Hi @JerryXu2023 , I have reproduced your error. Actually we only added support for gemma2-9b before, and gemma2-2b is not supported now. I will try to add support for it, and once it's done, will update here to let you know.

JerryXu2023 commented 3 months ago

Hi @rnwang04 I noted.
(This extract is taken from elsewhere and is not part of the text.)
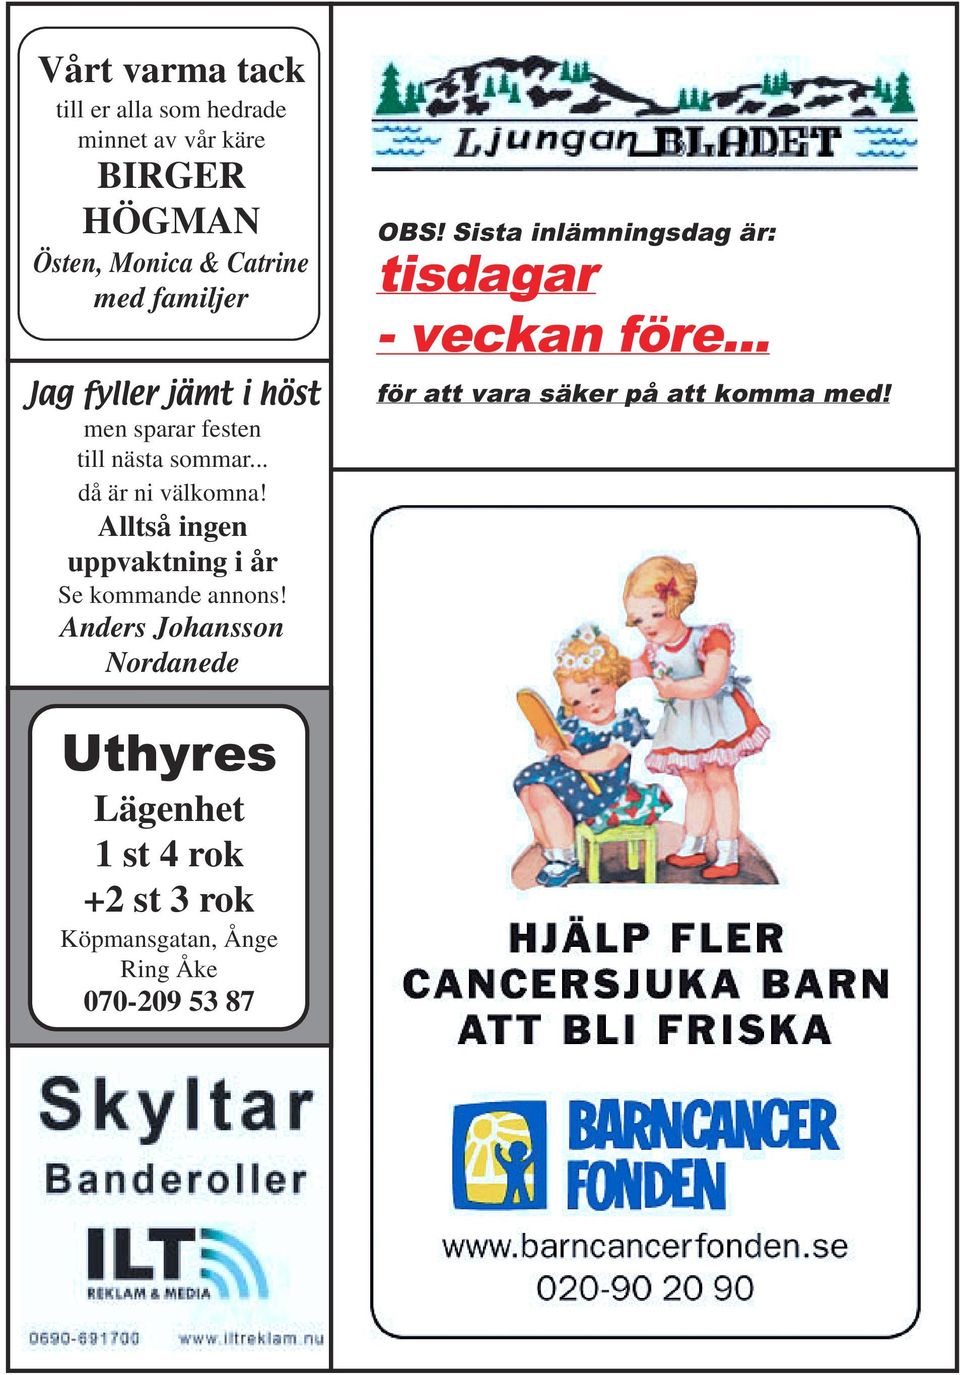 Alltså ingen uppvaktning i år Se kommande annons! Anders Johansson Nordanede OBS!

Thanks for your support!

rnwang04 commented 3 months ago

Support for gemma2-2b is added. You can try it again with ipex-llm[cpp]>=2.1.0b20240807 tomorrow😊

JerryXu2023 commented 3 months ago

I will try it and report result tomorrow. Thanks again

JerryXu2023 commented 3 months ago

Hi @rnwang04 There is on issue for ollama run Gemma2:2b on version 2.1.0b20240807 However, I found that after entering the model, when I ask questions, the model does not respond. I'm not sure if it's an issue with my personal computer. Could you try to reproduce the issue? Thanks

rnwang04 commented 3 months ago

Hi @JerryXu2023 , I have reproduced this issue on my side, a little strange, but I feel it's the model issue itself. I have tried this GGUF model (https://huggingface.co/bartowski/gemma-2-2b-it-GGUF/blob/main/gemma-2-2b-it-Q4_K_S.gguf) with ipex-llm's llama.cpp, it work fine. At the same time, I try to use this gguf in ollama, it also can have output, although quality it not too good, maybe need some prompt.

rnwang04 commented 2 months ago

Hi @JerryXu2023 , here is a new workaround for gemma2:2b: https://github.com/intel-analytics/ipex-llm/issues/11771#issuecomment-2285483849 Hope it may help 😊

JerryXu2023 commented 2 months ago

yeah~~ It works fine!Thanks so much!